So a funny thing happened at Comic-Con International (also known as SDCC, San Diego Comic-Con, Comic-Con, or Help I Am Being Digested By 150,000 Nerds).
I was on this really super-great panel with awesome, super-smart people, and even though I was clearly the numbest skull on the stage, I don’t think I said anything career damaging. So, me, proud of that. After the panel, as is customary, we panelists herded ourselves up to Authors Alley in the Sails Pavilion for an autographing, run by the great bookstore folks at Mysterious Galaxy. Things were pretty quiet, so I got up to purchase a copy of Animal Badge, a new comic written by Naren Shankar and fellow panelist Javier Grillo-Marxuach, when I noticed someone waiting in front of the signing table for me to sign something.
So, I ran.
You know those roped windy switchback lines you’ve waited in for so many things? It was one of those. Nobody in it, so I was able to pick up some speed. Going around corners. On a bare concrete floor. Yes, I lost my footing. Yes, I went down. Yes, I felt something inside go snap.
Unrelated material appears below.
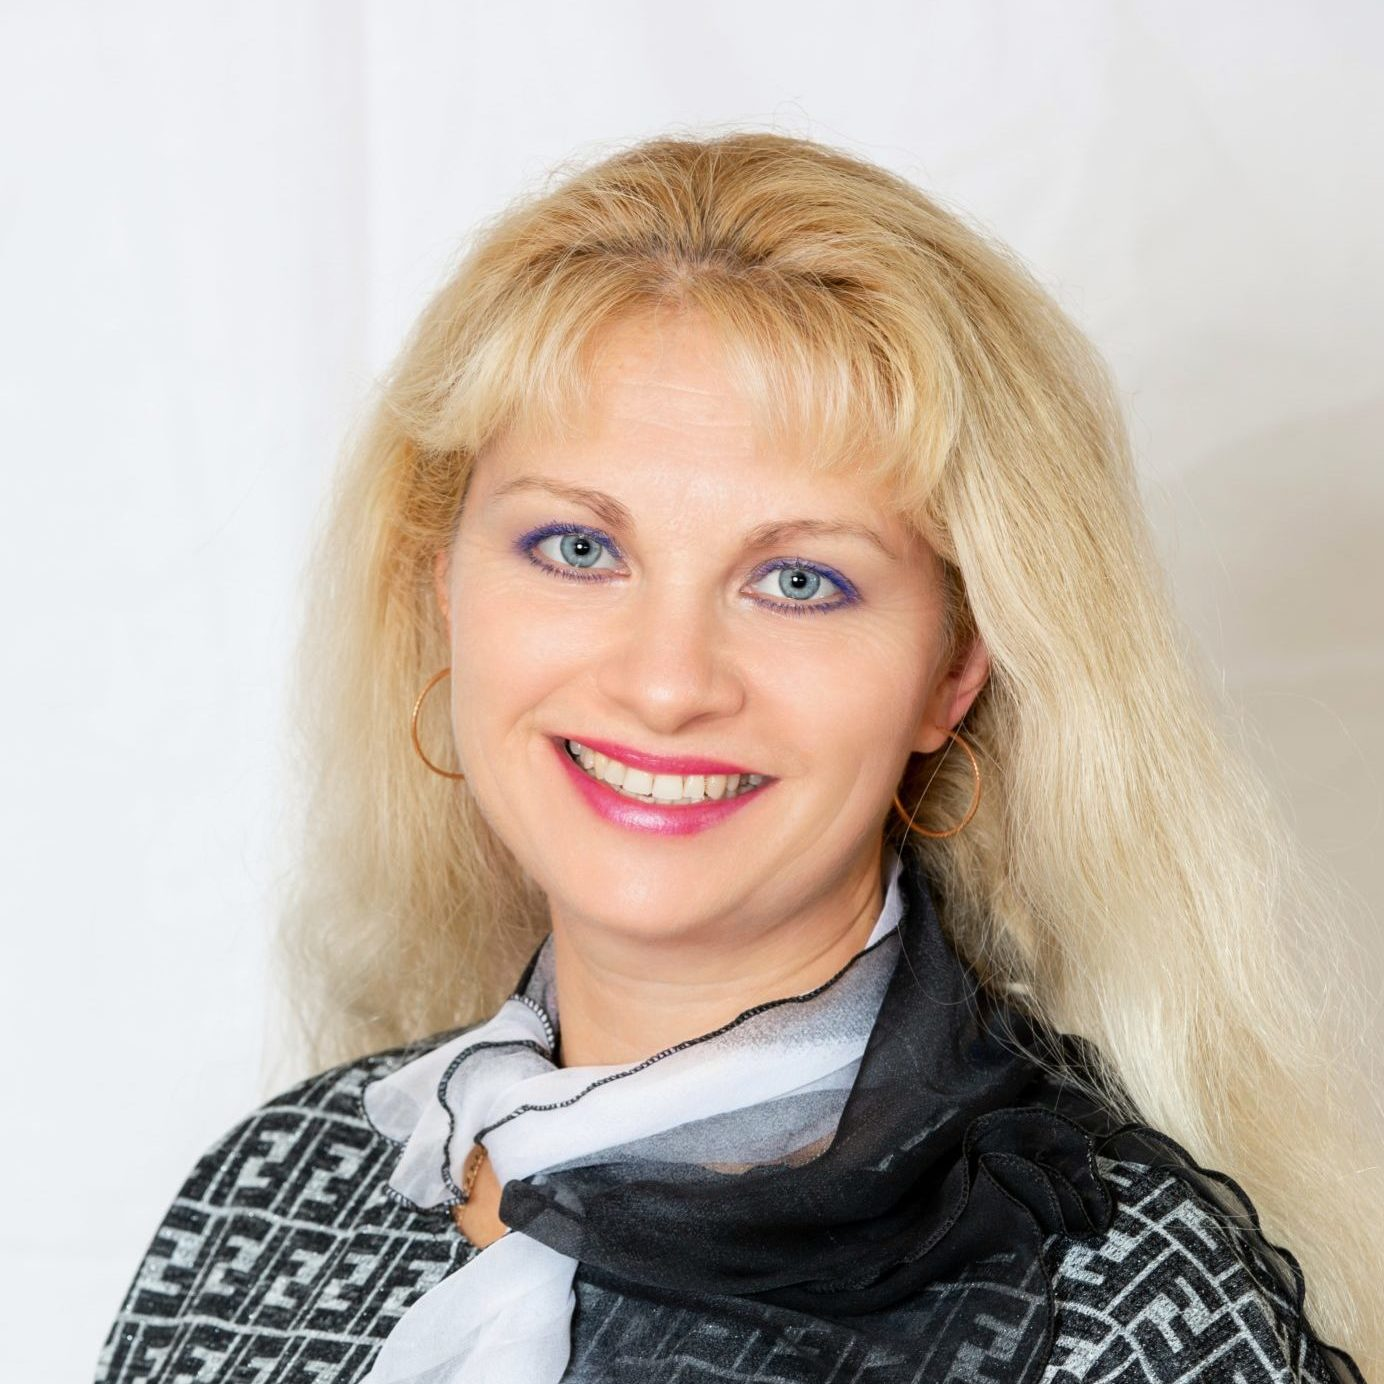 Оксана Владимировна Дерябина
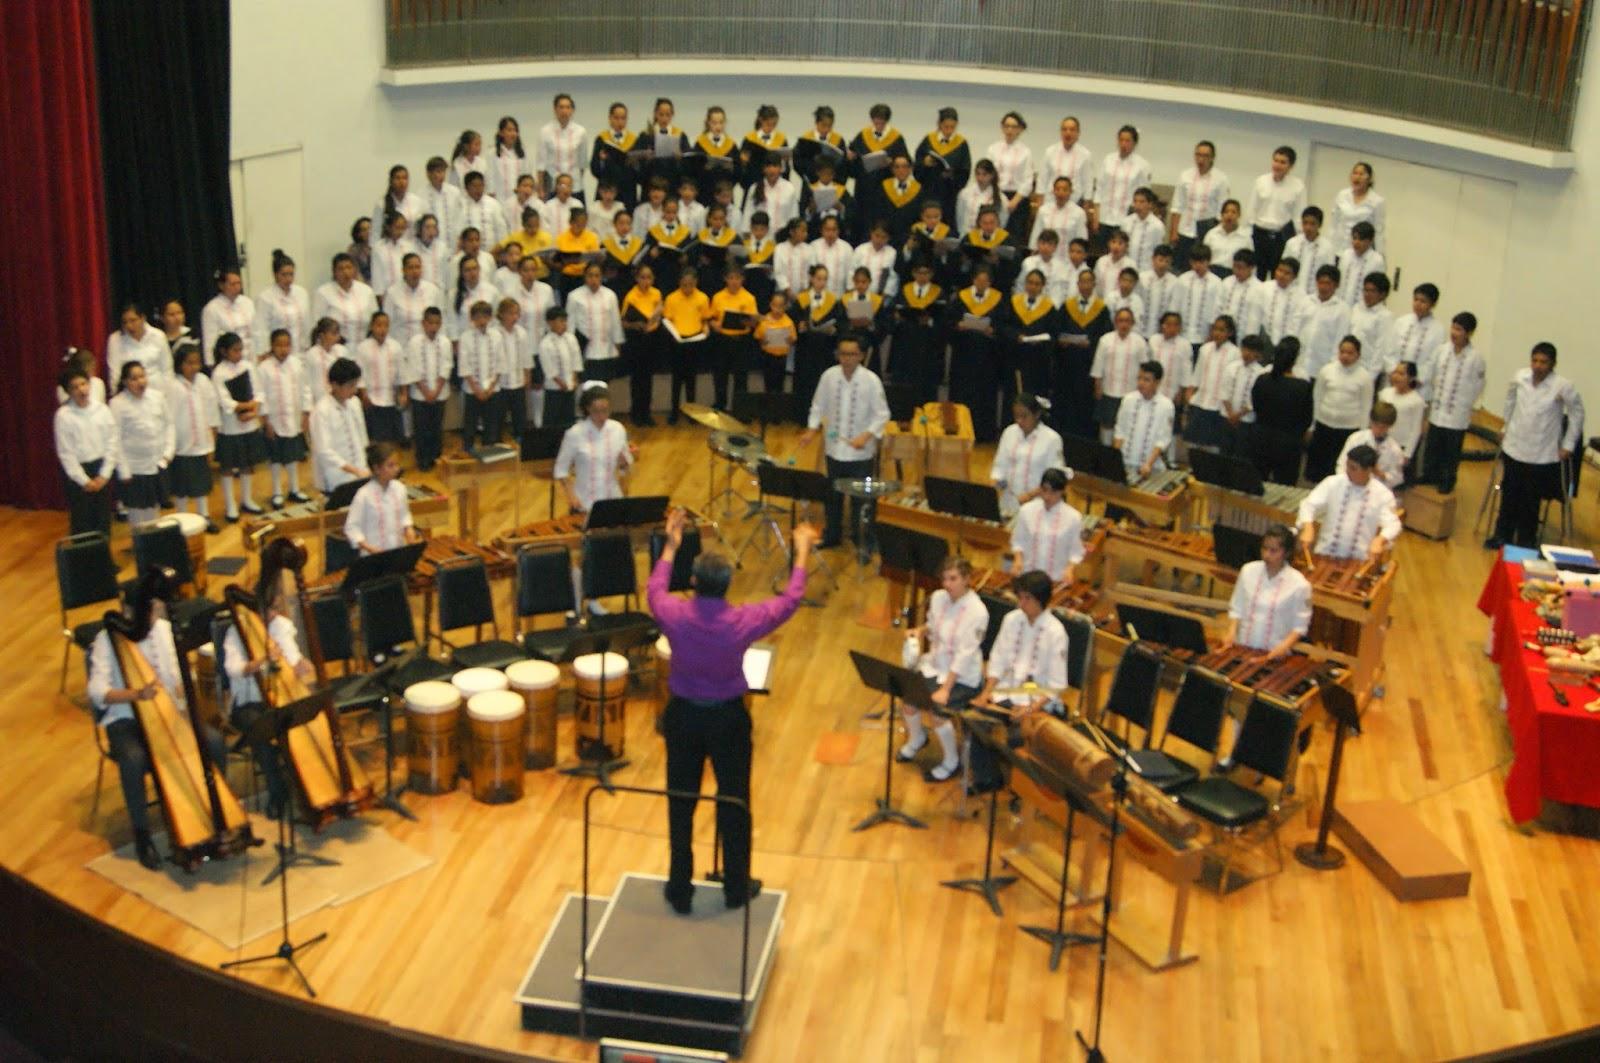 Gaceta artene c sar tort recibe homenaje en el for Conservatorio de musica

But I got up! I hobbled to my chair at the signing table! I signed a couple of my books! I wondered how I was going to walk to the taco restaurant where I was going to have great tacos for dinner with friends and colleagues. Then I realized I should instead be wondering how I was going to walk to my car to go home which was probably more sensible than going out for tacos, given how much my ankle hurt. Then I was wondering how I was going to get to my car so my wife could drive me to the hospital, because, hell, you know, maybe I broke something? Then I was wondering why my pillow was so damned hard and why people were asking me if I was okay.
Yes, I passed out! I fell out of my chair! Onto the very same concrete floor that took me out the first time! I HATE THAT FLOOR!
My fellow panelists took good care of me, helped me get off the floor and back into a chair, gave me fluids and helped me avoid passing out again (Sherri L. Smith in particular was totally awesome), and folks summoned a whole string of convention center security people and first aid dudes and then EMTs. I got to ride out of Comic-Con on a gurney down VIP freight elevators and then in an ambulance out VIP loading docks.
I saw no celebrities.
Several hours later in ER, the verdict was a fractured fibula. Which made me a little glad, because it’s better to say you passed out from a fractured fibula than, like, bruised pride.
So, it’s going to be six weeks in a hard cast recovering from surgery, and that’s my Comic-Con story. And I’d like to reiterate that I continued to autograph copies of my books even with a fractured fibula. That’s pretty metal, I feel.